Backpropagation with two hidden layers - matrix dimension doesn't add up

I'm currently trying to create a neural network with 2 hidden layers from scratch.

• The input layer has 784 dimensions (MNIST dataset)
• The first hidden layer has 100 neurons using sigmoid activator
• The second hidden layer has 10 neurons using sigmoid activator
• The output layer has 10 possible outcomes (digit 0-9) using softmax activator

I easily computed the output (third) layer derivative with respect to the final (third) weight matrix: $$\frac{\partial L}{\partial W_3} = \frac{\partial L}{\partial \hat{y}} \frac{\partial \hat{y}}{\partial z_3} \frac{\partial z_3}{\partial W_3} = [1\ H_2]^T(\hat{y} - y)$$

$$\frac{\partial L}{\partial z_3} = (\hat{y} - y)$$ is the partial derivative of the loss function with respect to the softmax input.

$$\frac{\partial z3}{\partial z_3} = \frac{\partial}{\partial z_3} [1\ H_2]W_3 = [1\ H_2]^T$$ is the partial derivative of the softmax input with respect to the weight matrix.
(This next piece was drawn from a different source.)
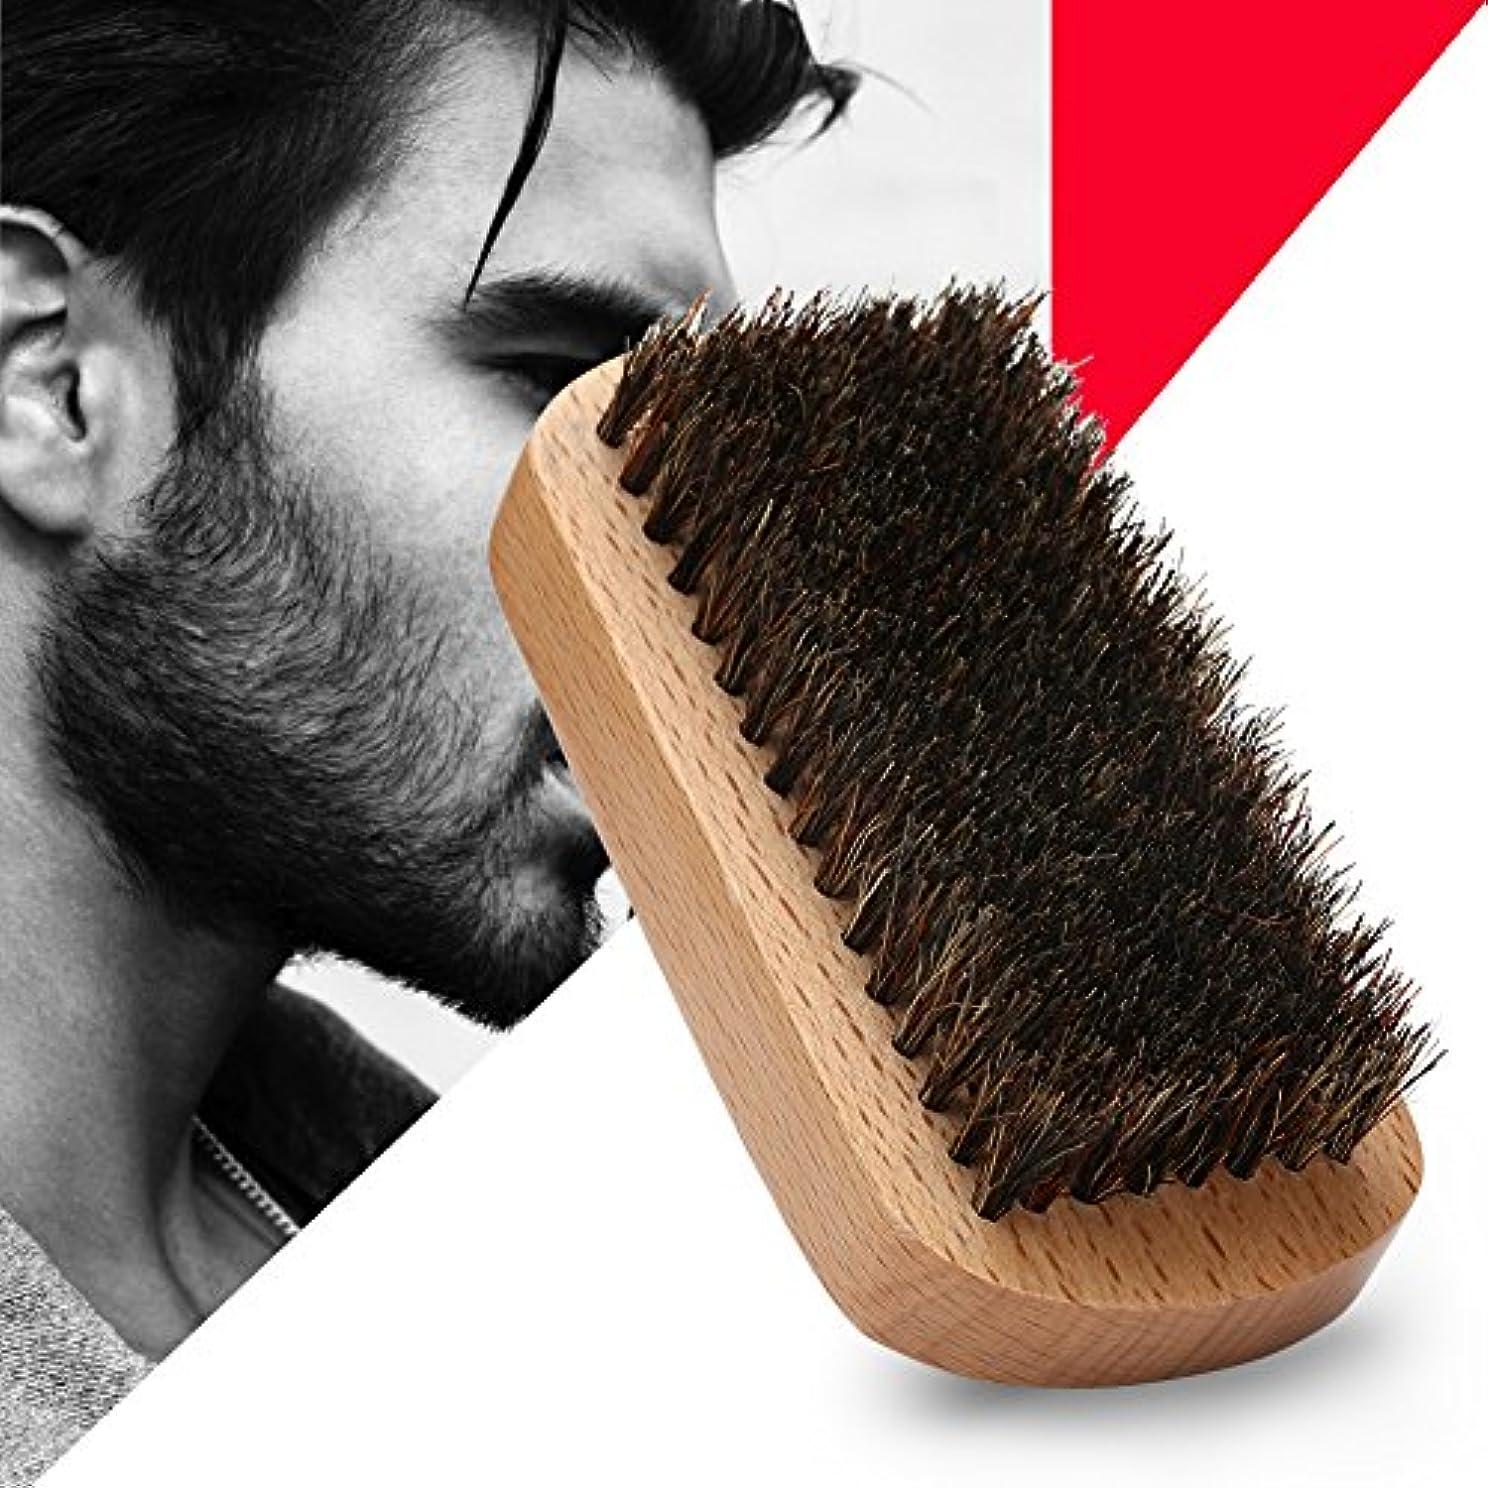 下手デンマーク焦がすシェービングブラシ メンズ ウッド 豚剛毛 クリーニング 髭剃り 泡立ち 洗顔ブラシ メンズ ブラック 長方形

I checked the dimension, and since $$[1\ H_2]^T \in \mathbb{R}^{11\times1}$$ and $$(\hat{y} - y) \in \mathbb{R}^{1\times10}$$, $$\frac{\partial L}{\partial W_3}\in \mathbb{R}^{11\times10}$$, which has the same dimension as $$W_3$$. Thus, it would be possible to perform gradient descent.

Next up, I want to compute the derivative of loss function with respect to the second layer's weight matrix:

$$\frac{\partial L}{\partial W_2} = \frac{\partial L}{\partial \hat{y}} \frac{\partial \hat{y}}{\partial z_3} \frac{\partial z_3}{\partial H_2} \frac{\partial H_2}{\partial z_2} \frac{\partial z_2}{\partial W_2}$$

• $$\frac{\partial L}{\partial z_3} = (\hat{y} - y) \in \mathbb{R}^{1\times10}$$
• $$\frac{\partial z_3}{\partial H_2} = \frac{\partial}{\partial H_2} [1\ H_2]W_3=W_3^T \in \mathbb{R}^{10\times10}$$
• $$\frac{\partial H_2}{\partial z_2} = \frac{\partial}{\partial z_2} \sigma(z_2)=\sigma(z_2)(1-\sigma(z_2))=H_2(1-H_2) \in \mathbb{R}^{10\times1}$$
• $$\frac{\partial z_2}{\partial W_2} = \frac{\partial}{\partial W_2} [1\ H_1]W_2=[1\ H_1] \in \mathbb{R}^{1\times101}$$

I can't merge these derivatives using chain rule into $$Dim(W_2) \in \mathbb{R}^{101\times10}$$ no matter what, which is needed for gradient descent. I feel like I'm missing something in my $$\frac{\partial L}{\partial W_2}$$. Could someone please give me some insights?

$$[1\ H_1]^T(\hat{y}-y)W_3^TH_2(1-H_2) \in \mathbb{R}^{101\times1}$$
This is the same dimension as $$W_2$$, so it is possible to compute gradient descent.